Overview

This is the project summary page for my ITCS 8190 course project. In this project, I succeeded in conducting multiple linear regression in a Hadoop / Apache Spark cluster running on Google Cloud Platform. My project was the application of regression towards predicting urban growth based on land cover and census demographic data. The unit of analysis is census tracts. Data for this project was retrieved from the US Census Bureau and the Multi-Resolution Land Characteristics (MRLC) Consortium. My presentation has been attached below in the Appendix.

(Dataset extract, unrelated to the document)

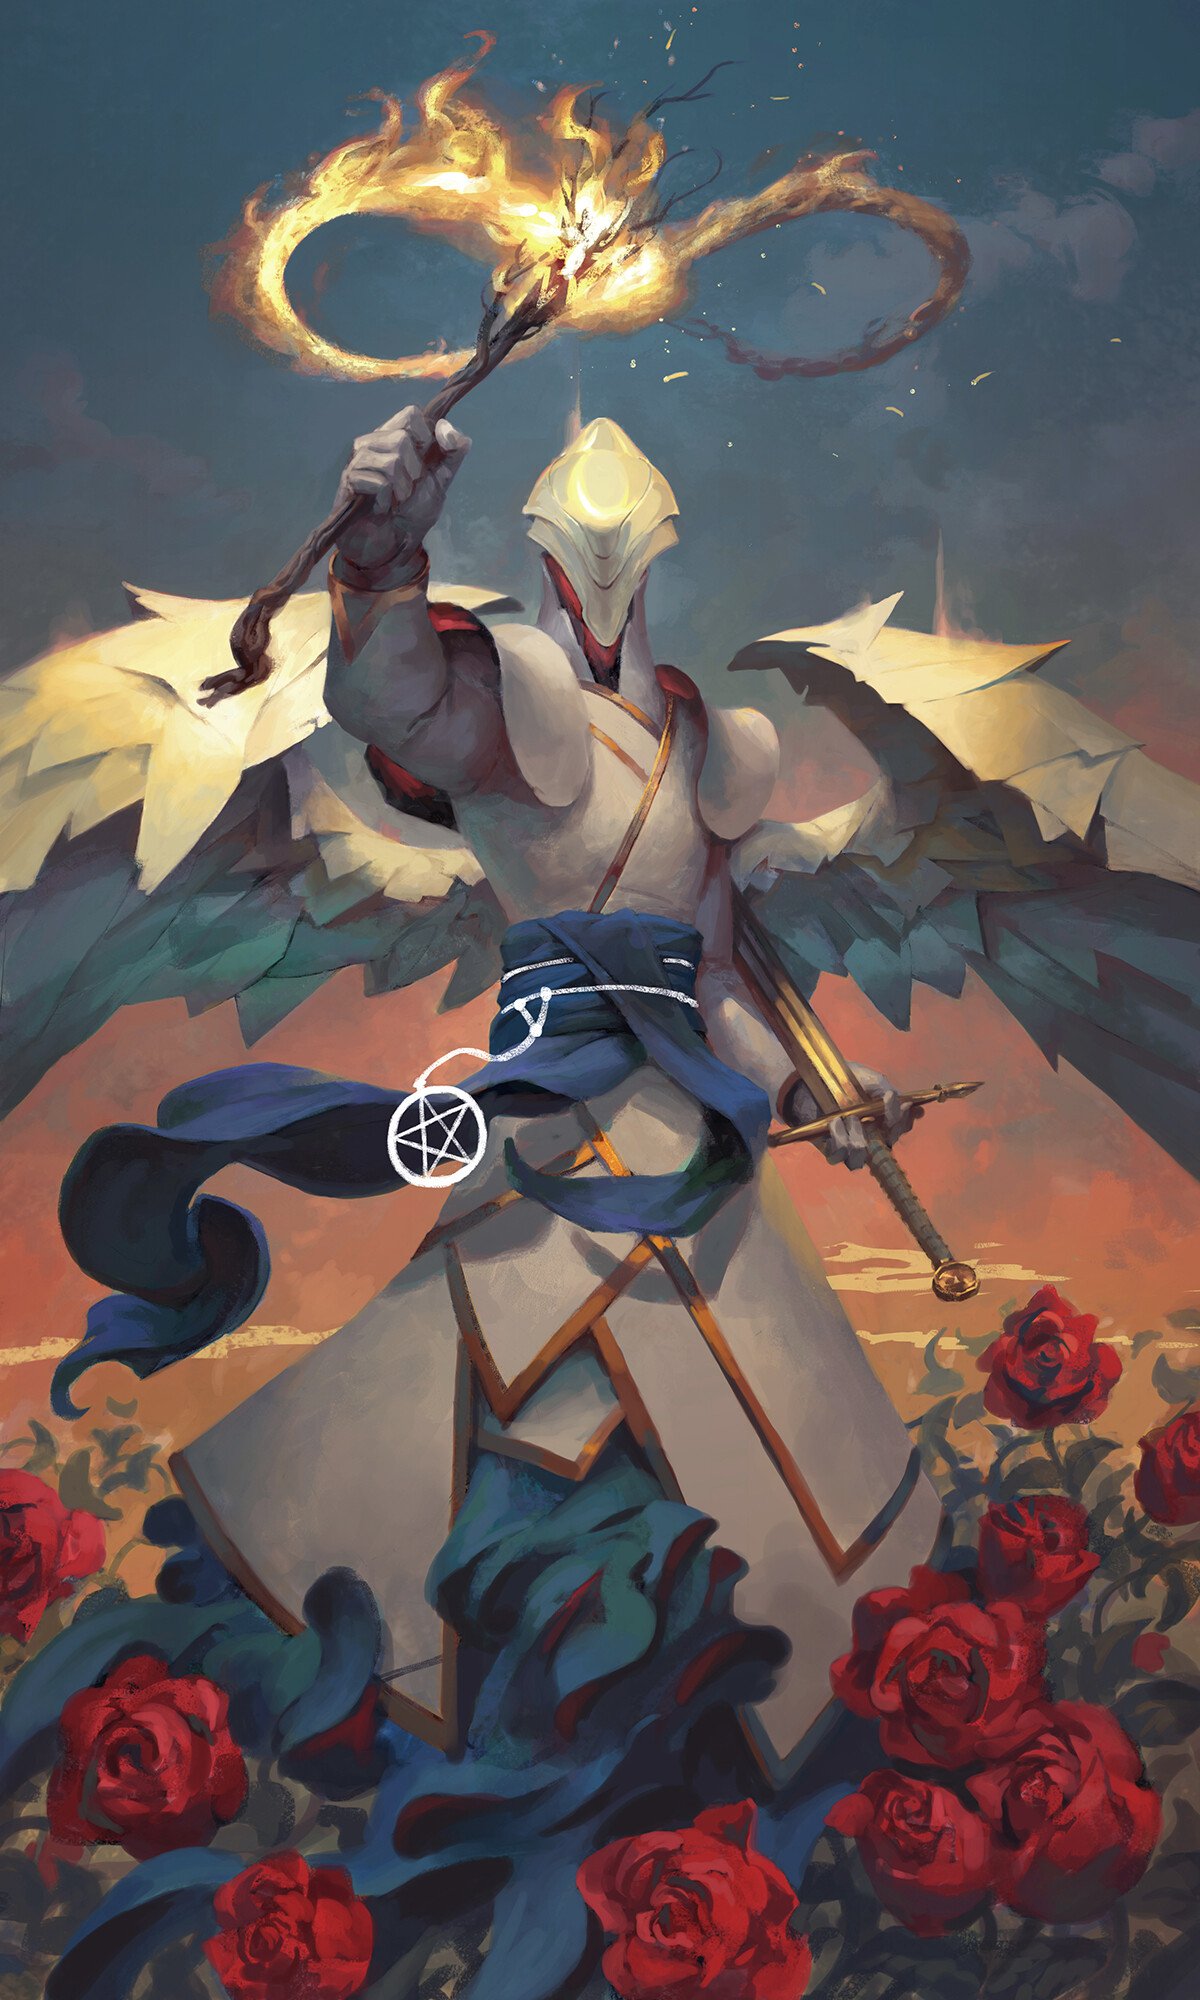 Peter Mohrbacher Blends Surrealism With Fantasy To Create Powerful Magical Beings (8)

  • Context: I chose to use my course project as an opportunity to learn more about Apache Spark and statistics and their interaction with geospatial research. I am a Ph.D. student in the Department of Geography at UNC Charlotte taking an advanced computer science course (ITCS 8190) because I want to bring computer science methods to Geographic Information Science (GIS). My background before GIS was web development as a computer science undergraduate at UNC Charlotte. I felt this project would be an easy introduction to the intersection of cloud computing and GIS, but was surprised and overwhelmed by the complexity involved. While I have learned a weighty tome of information about cloud computing this semester, I still have a lot of work ahead to understand the entire scope of this exciting topic.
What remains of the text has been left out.